Macy Counsell, who graduated from UA with a degree in elementary education and now teaches sixth grade at Prattville Intermediate School in Prattville, Ala., says the class taught her how to get children more interested in schoolwork. “Just making a kid sit in a classroom and listen to a lesson every day wasn’t enough,” Counsell says. “It really took giving them something to do and something to play with that made them really want to learn about it.”
Counsell says one of her favorite lessons involved the water-tension experiment. The experiment allows kids to see how water will stick to surfaces by watching it flowing out one cup, down a string and into another cup.
Each semester, UA students and children present their projects at a STEM Family Night for kids, parents and community members. Family Night gives parents a window into what their children are doing in the classroom and gives kids an opportunity to showcase their science knowledge.

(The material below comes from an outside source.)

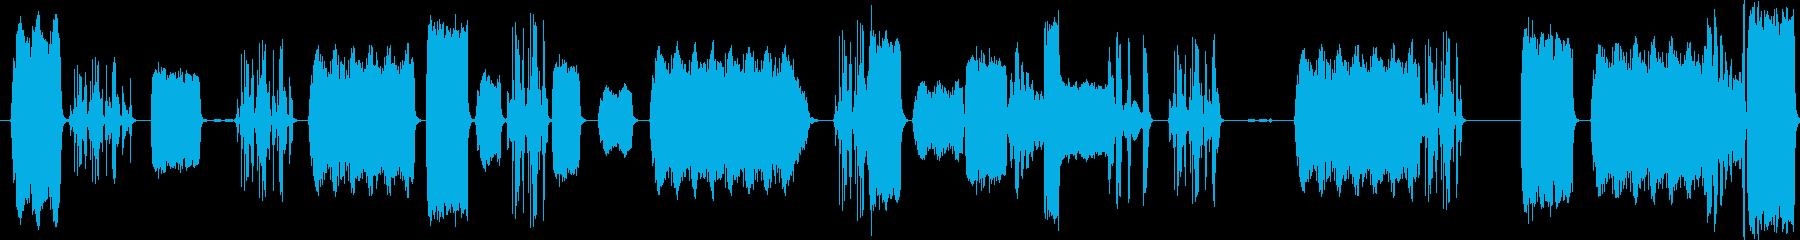 チャープマシンガンメカニカルコンピ...の再生済みの波形

“The parents are as into the science night as the kids,” Marchant says. “They enjoy learning with their children. They are not in a hurry to leave.”
At Family Night, some parents and kids make plans to recreate experiments at home, Marchant says, adding that the elephant-toothpaste experiment is a crowd favorite. In this experiment, kids demonstrate an exothermic reaction by using chemicals to create a large string of foam from a bottle.
The STEM-gineer program takes place at Woodland Forrest Elementary School in Tuscaloosa and involves 45 to 100 UA students per semester and hundreds of elementary children. UA students visit the school at least once a week, working up to several hours with kids in pre-kindergarten through sixth grade. Each UA student creates and leads at least three lesson plans over the semester. In Fall 2017, more than 500 family and community members attended Family Night. UA students spent approximately 18 hours preparing science stations and presenting experiments at the event.
UA students also learn to make connections to other disciplines when teaching science, to understand and take into account kids’ various learning styles and to assess their teaching techniques. They cover the specific science concepts they’ll be teaching at the elementary school and practice experiments while in class at UA.
“Dr. Fowler would model the projects to us and show us how to use them with different grade levels,” Griffith says.
Fowler says she hopes that in addition to promoting interest in science and engineering among children, CEE 304/550 will help strengthen the resolve of future educators.
“I always loved teaching math,” says Griffith, who was a tutor at her high school. “But I was hesitant about getting into the more scientific subjects. This course gave me the confidence to accept a job where I teach science.”